== Exercise ==
Could you restate the whole listing below word for word, minus the pictures?

== Source records ==
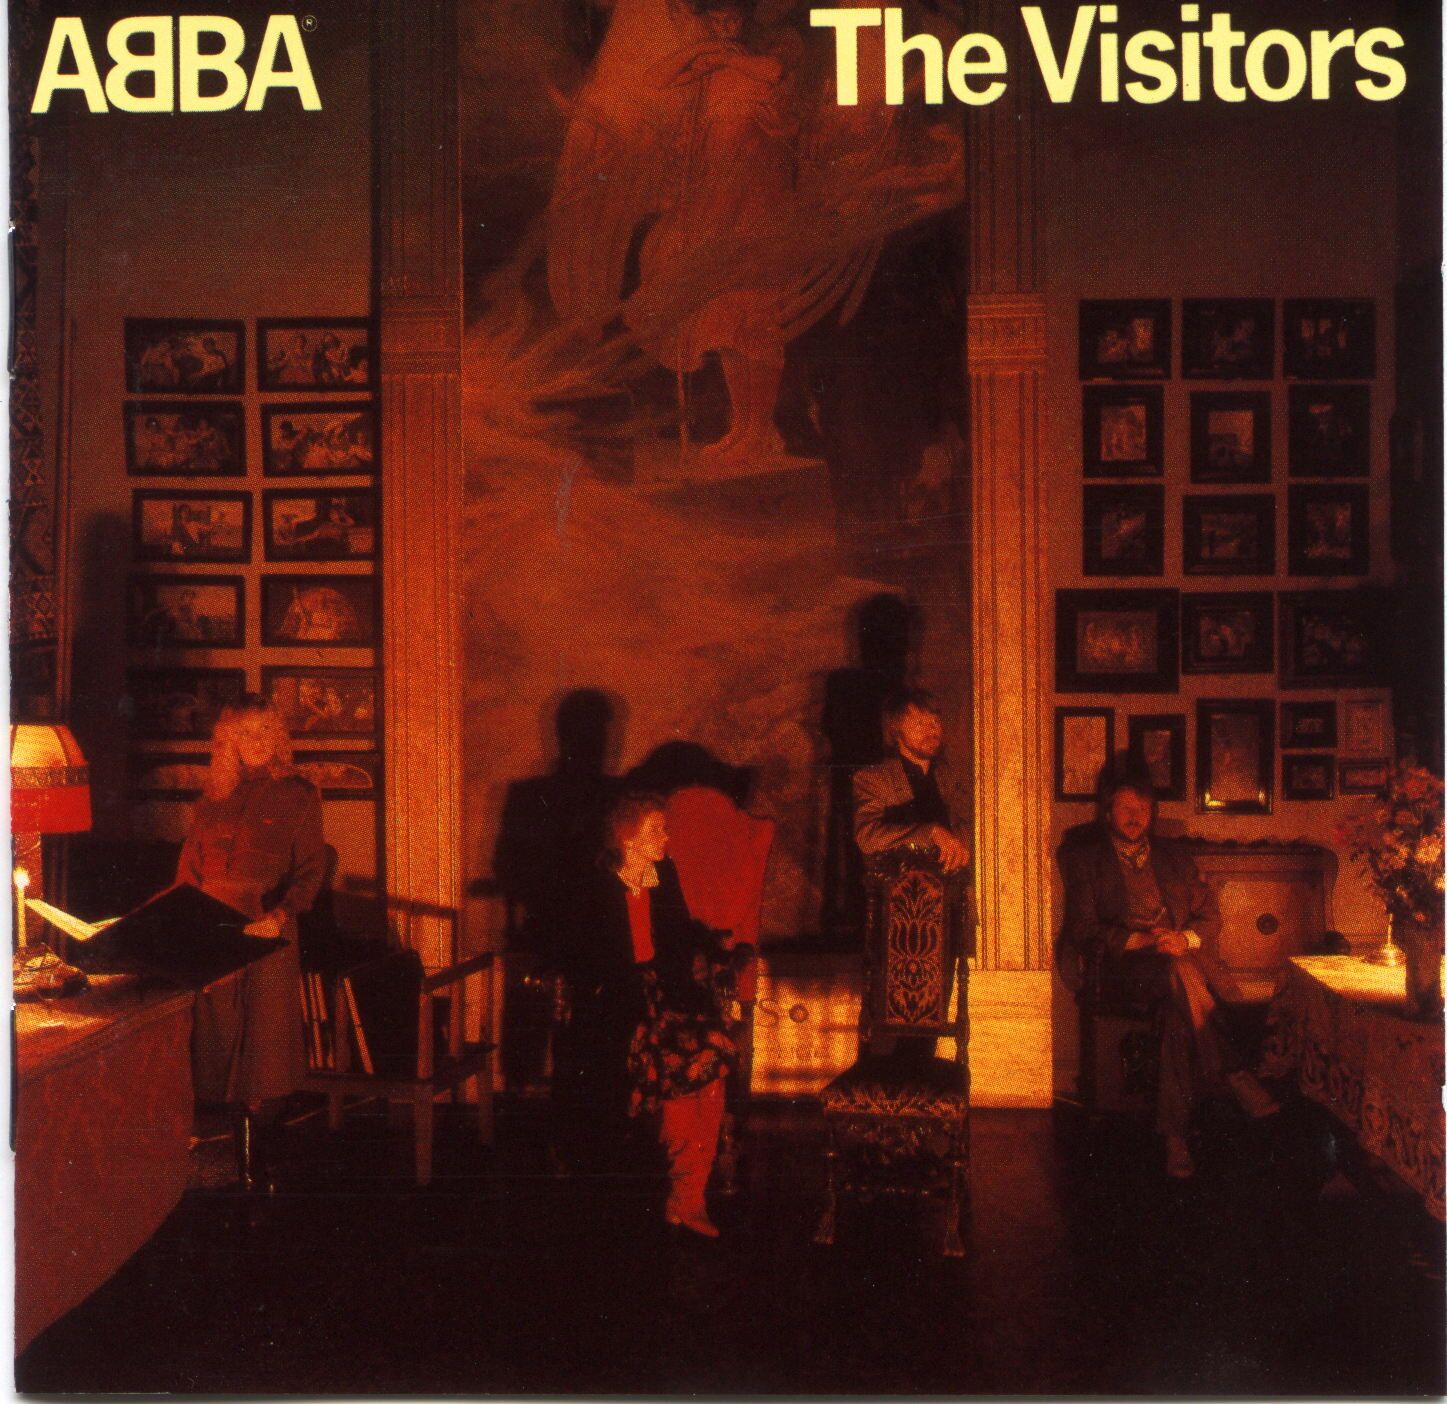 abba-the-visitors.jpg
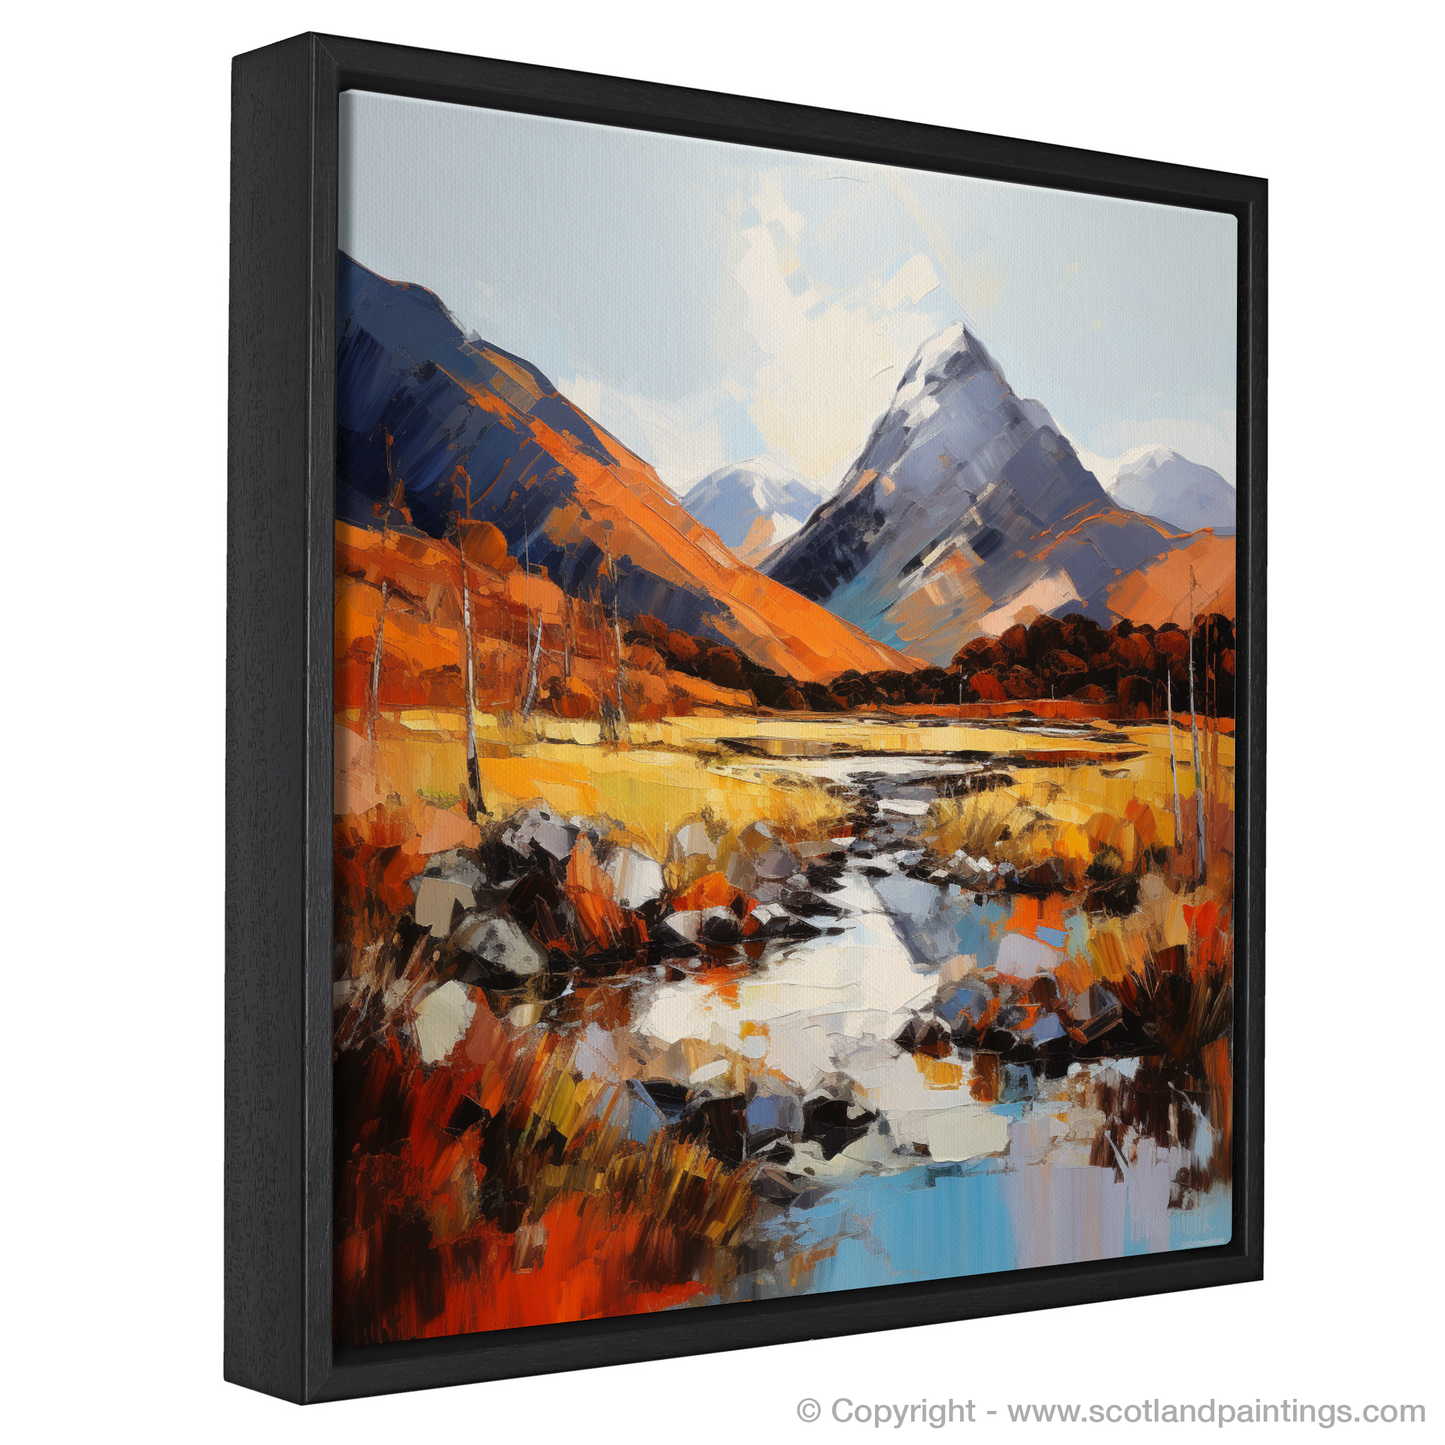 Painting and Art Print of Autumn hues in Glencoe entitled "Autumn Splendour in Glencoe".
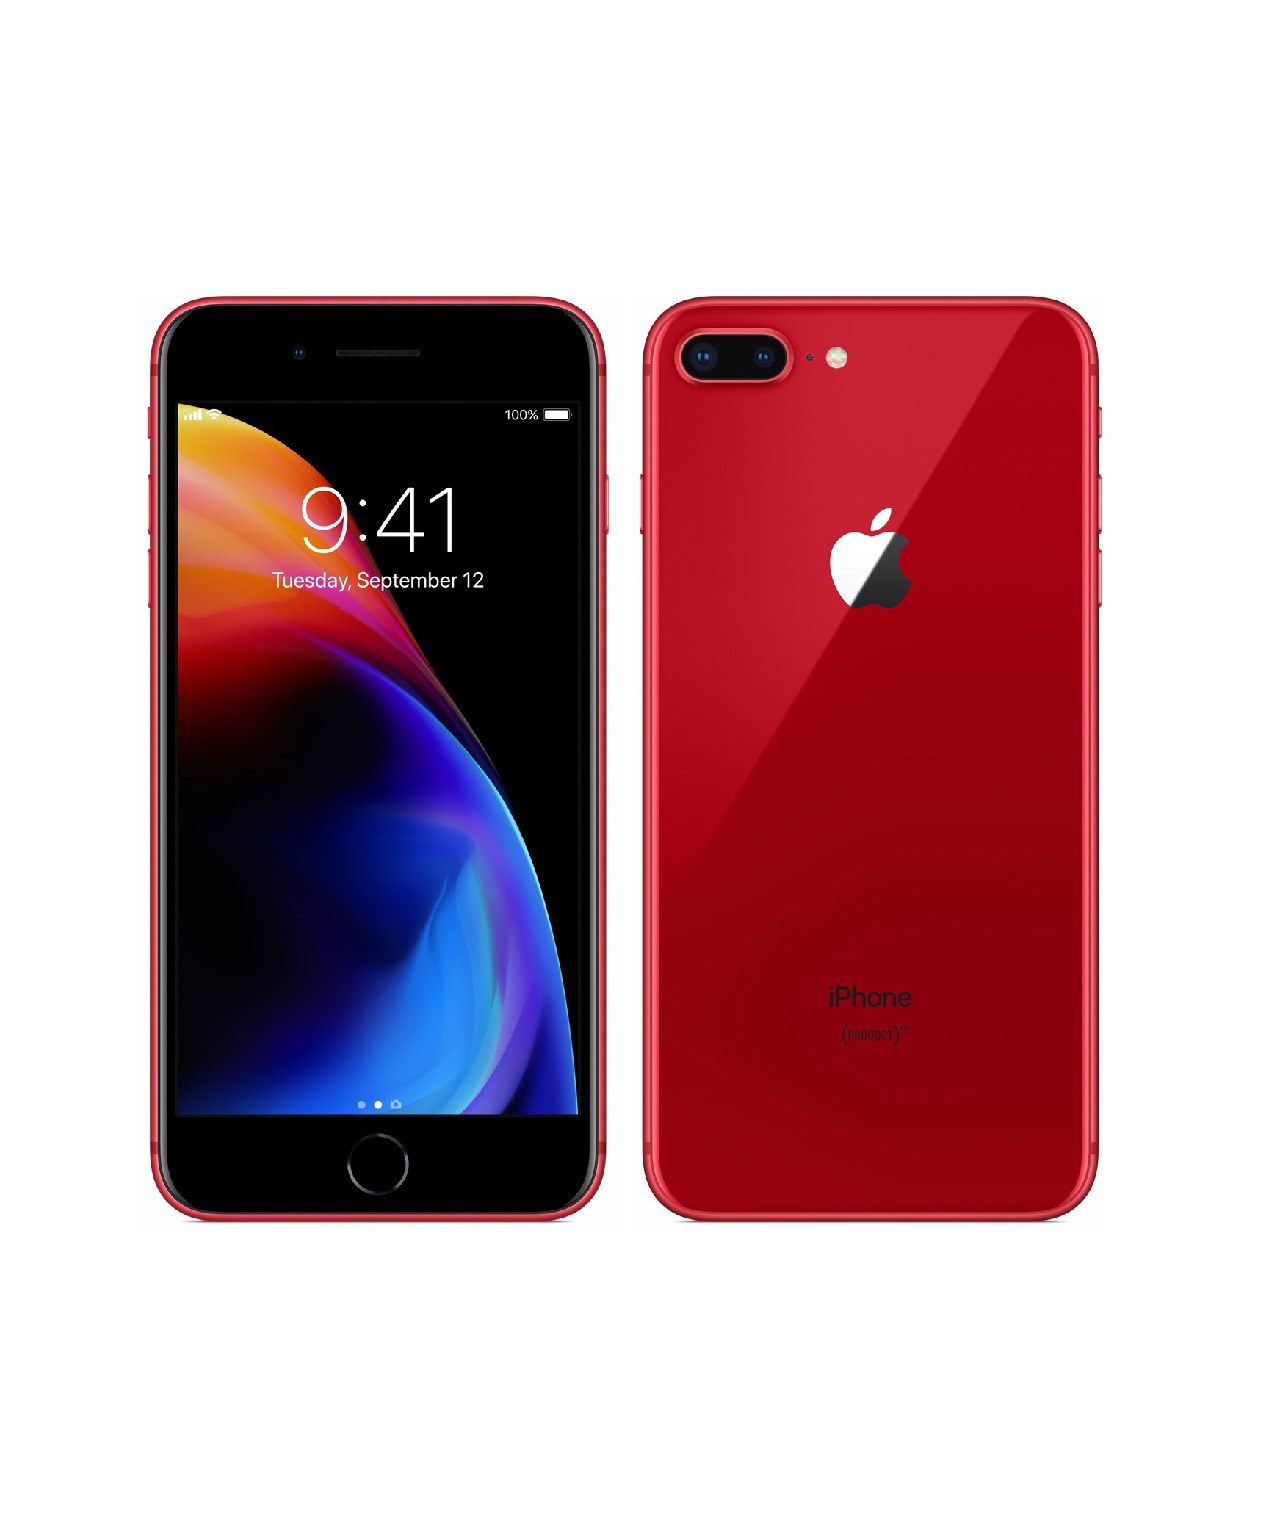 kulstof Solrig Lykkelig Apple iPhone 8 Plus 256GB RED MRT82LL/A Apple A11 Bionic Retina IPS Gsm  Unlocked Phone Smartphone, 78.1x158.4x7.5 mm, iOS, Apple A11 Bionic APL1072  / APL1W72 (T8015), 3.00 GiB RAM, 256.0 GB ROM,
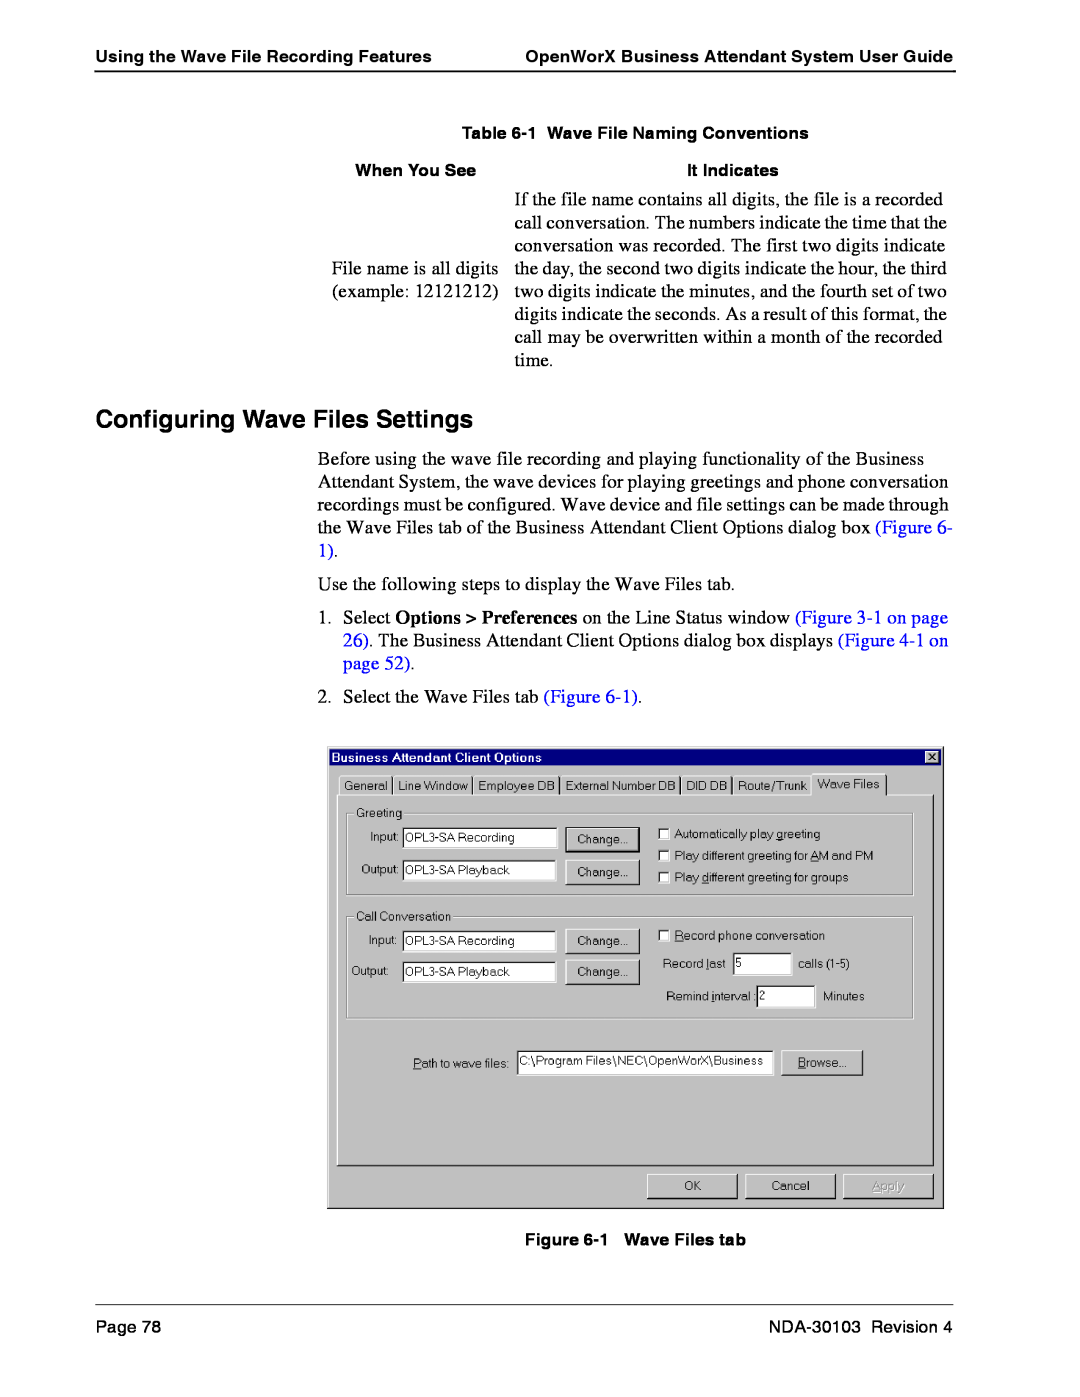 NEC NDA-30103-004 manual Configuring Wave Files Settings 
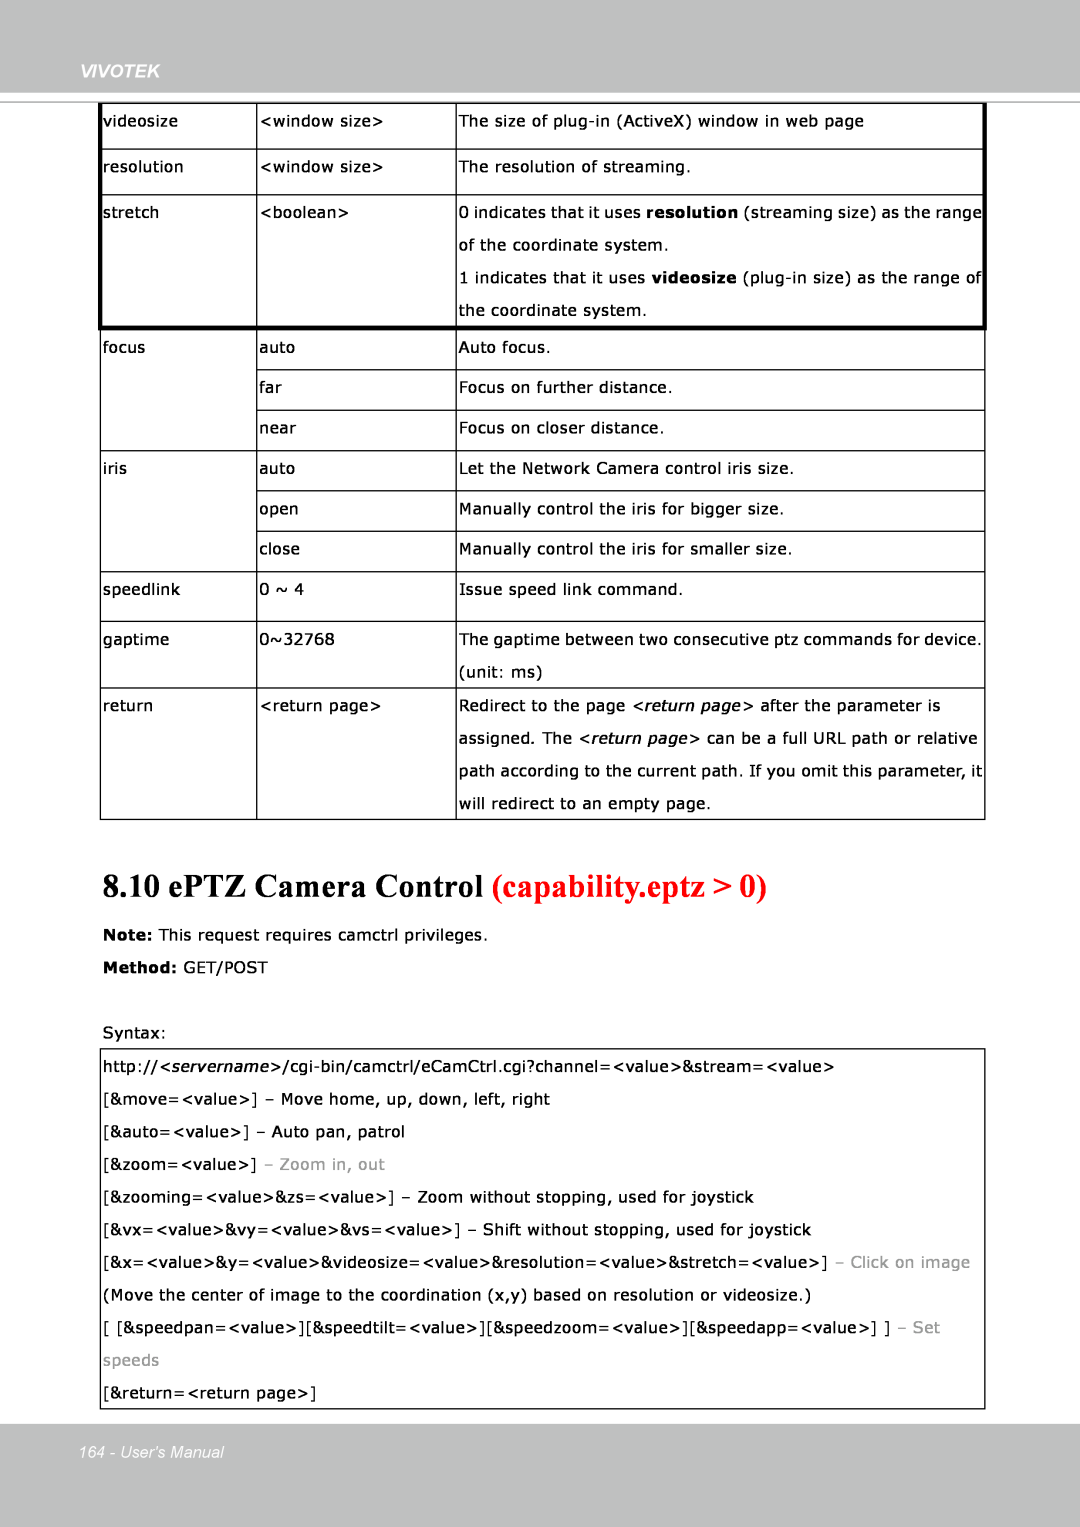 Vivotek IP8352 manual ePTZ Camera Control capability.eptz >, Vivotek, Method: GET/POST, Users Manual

== Output of the exercise ==
 abba-the-visitors.jpg
 Painting and Art Print of Autumn hues in Glencoe entitled "Autumn Splendour in Glencoe".
 kulstof Solrig Lykkelig Apple iPhone 8 Plus 256GB RED MRT82LL/A Apple A11 Bionic Retina IPS Gsm  Unlocked Phone Smartphone, 78.1x158.4x7.5 mm, iOS, Apple A11 Bionic APL1072  / APL1W72 (T8015), 3.00 GiB RAM, 256.0 GB ROM,
 NEC NDA-30103-004 manual Configuring Wave Files Settings 
 Vivotek IP8352 manual ePTZ Camera Control capability.eptz >, Vivotek, Method: GET/POST, Users Manual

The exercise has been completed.